* **What you have to do**:
Once you find the line with "BUF Bills Premium Sweatshirt" in the entries below, print it and each line after it up to and including the line with "Cream appling on face skin by iryna_rasko", exactly, without pictures.

---------- Source records

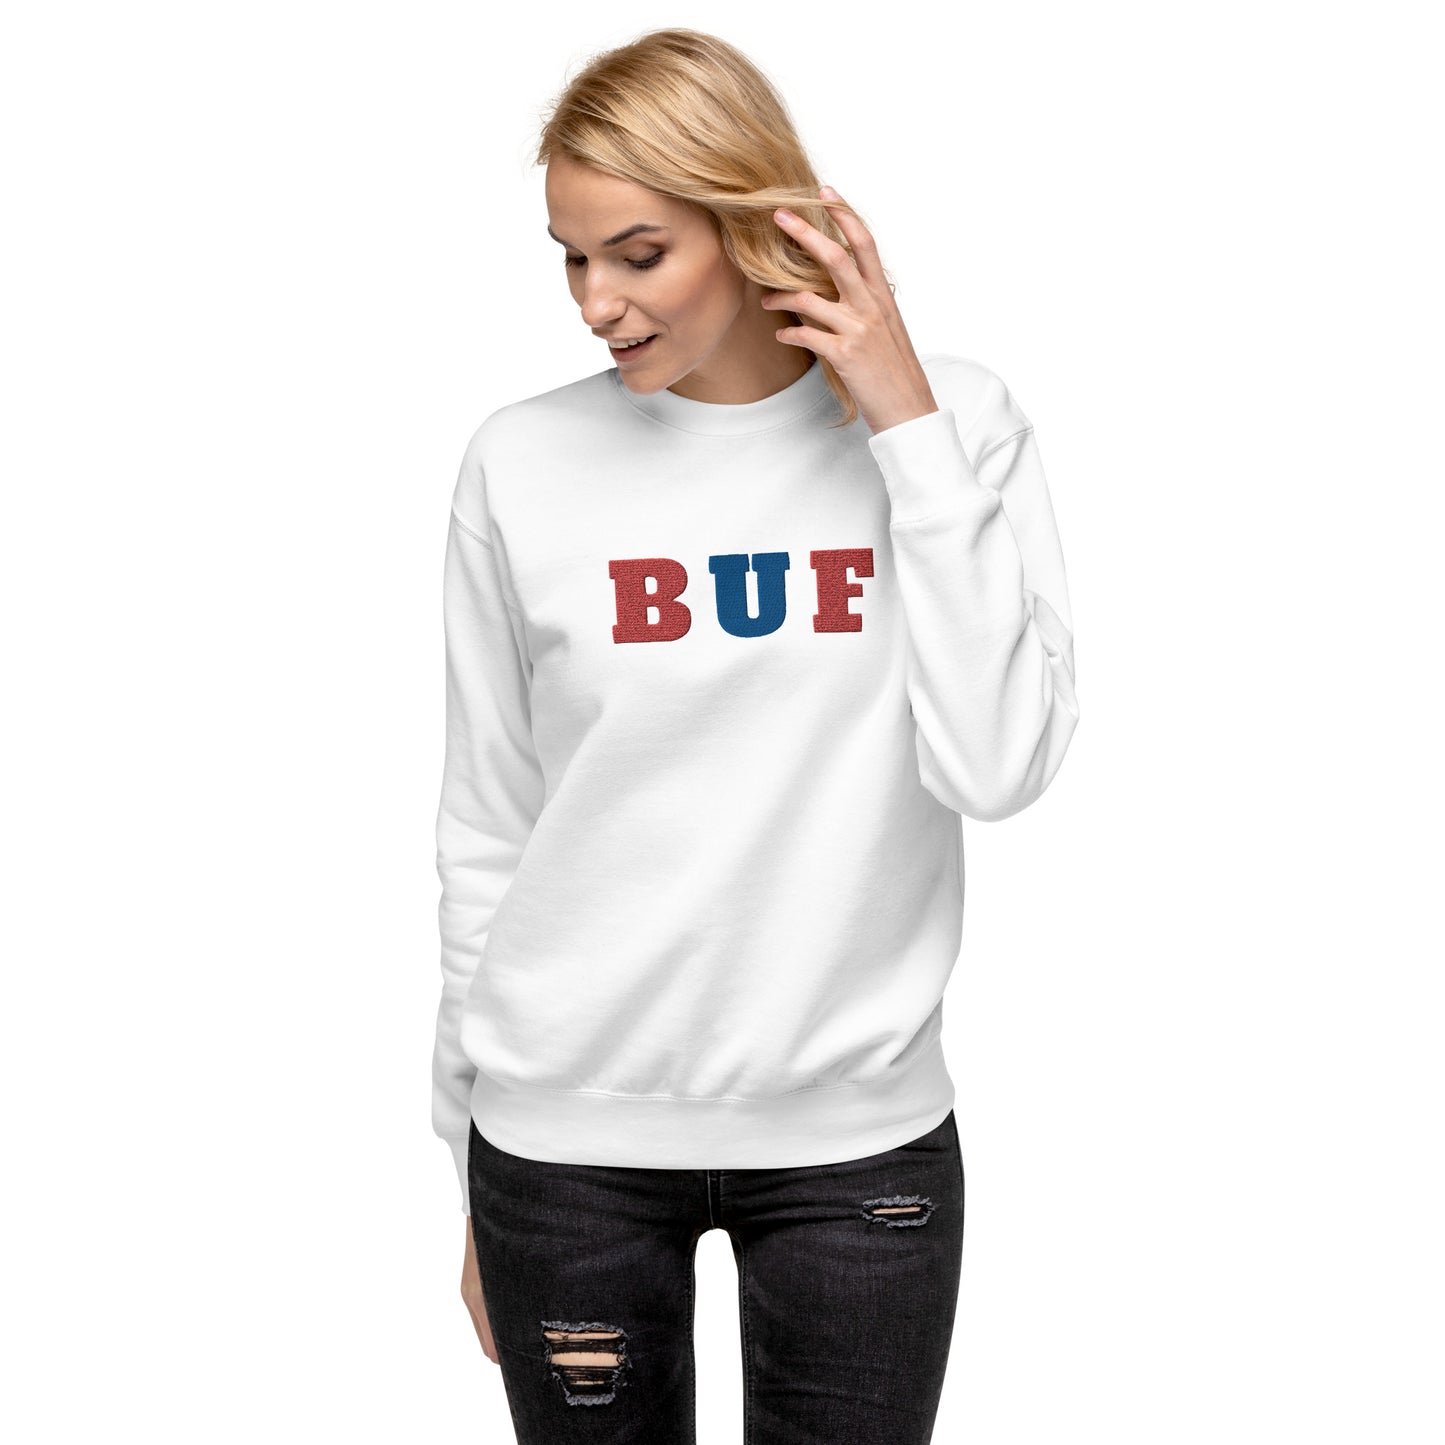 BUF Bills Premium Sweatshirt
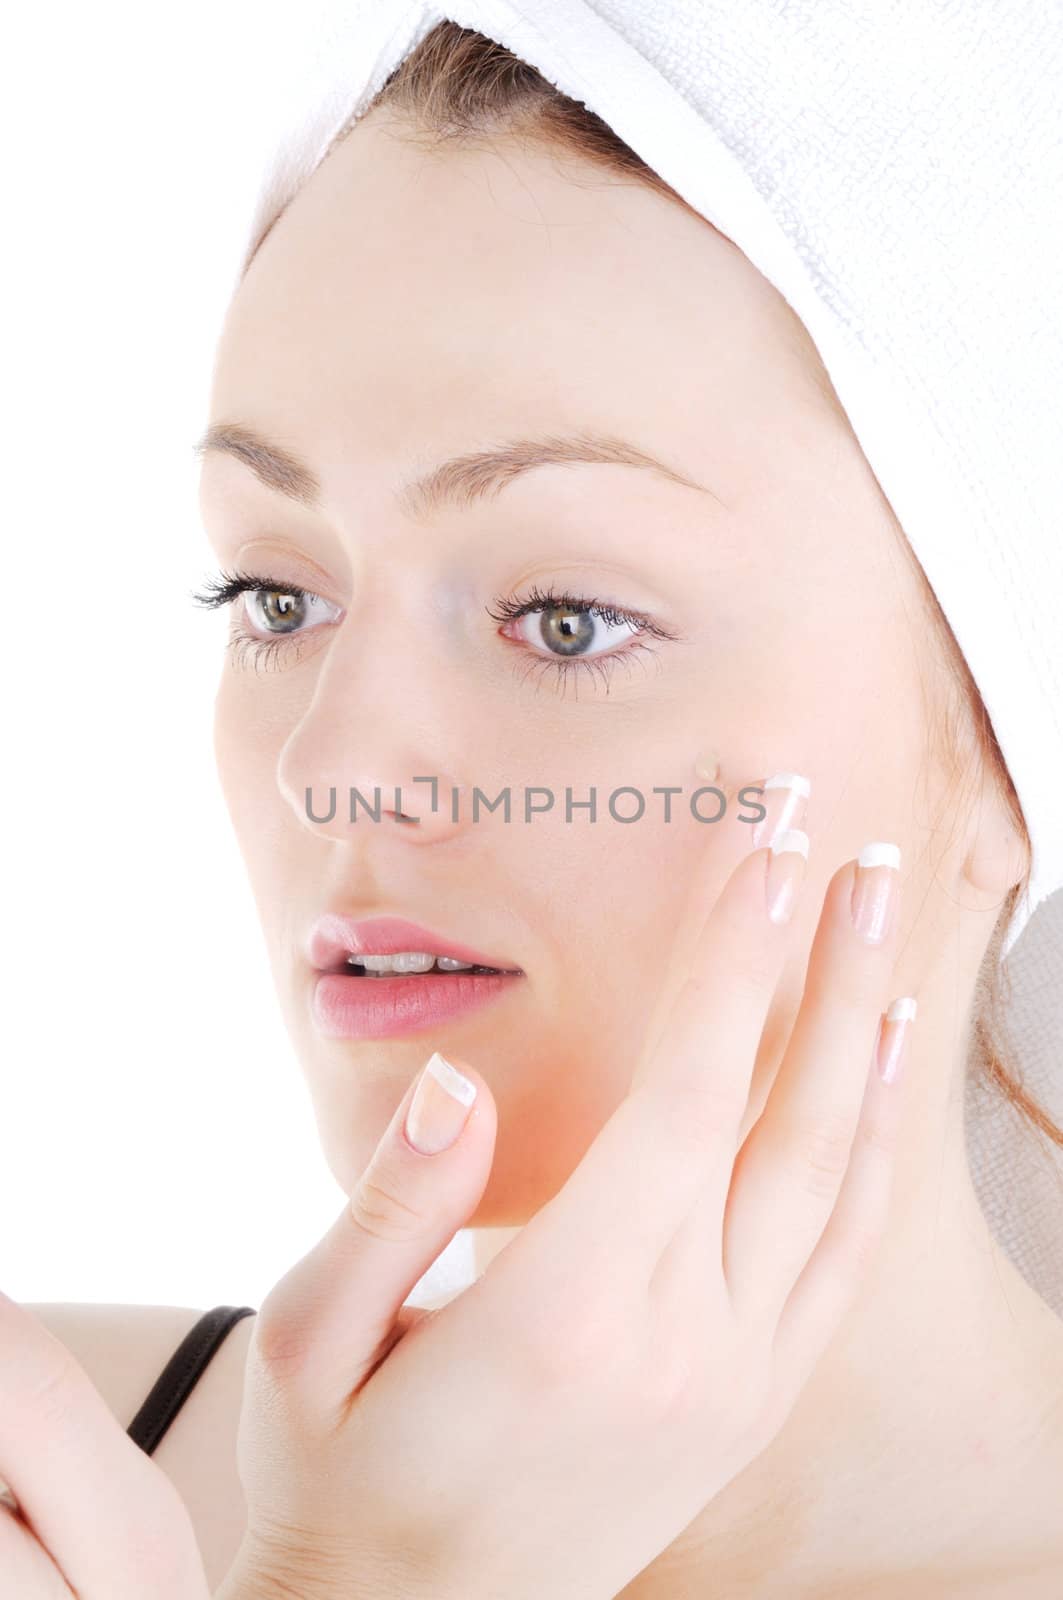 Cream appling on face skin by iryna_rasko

--------------------
---------- Source records

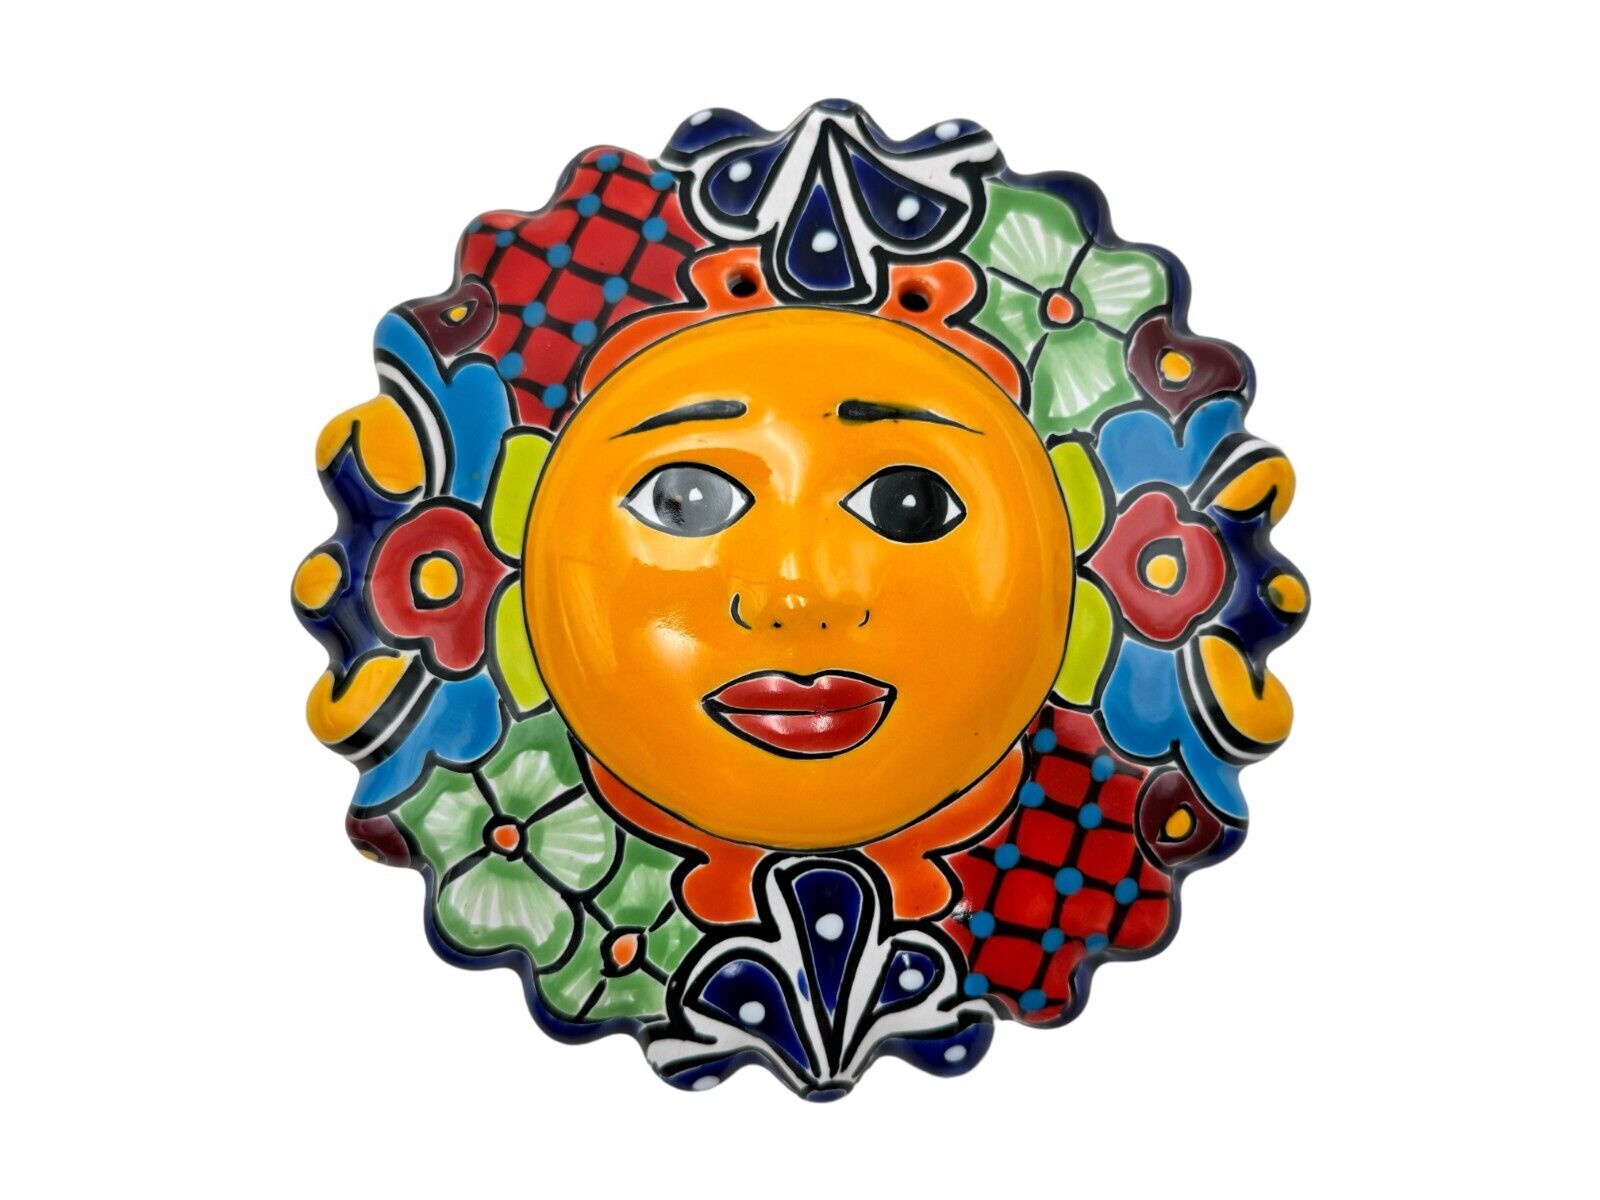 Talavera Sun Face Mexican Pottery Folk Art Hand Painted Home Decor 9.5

--------------------

* **Exercise output**:
 BUF Bills Premium Sweatshirt
 Cream appling on face skin by iryna_rasko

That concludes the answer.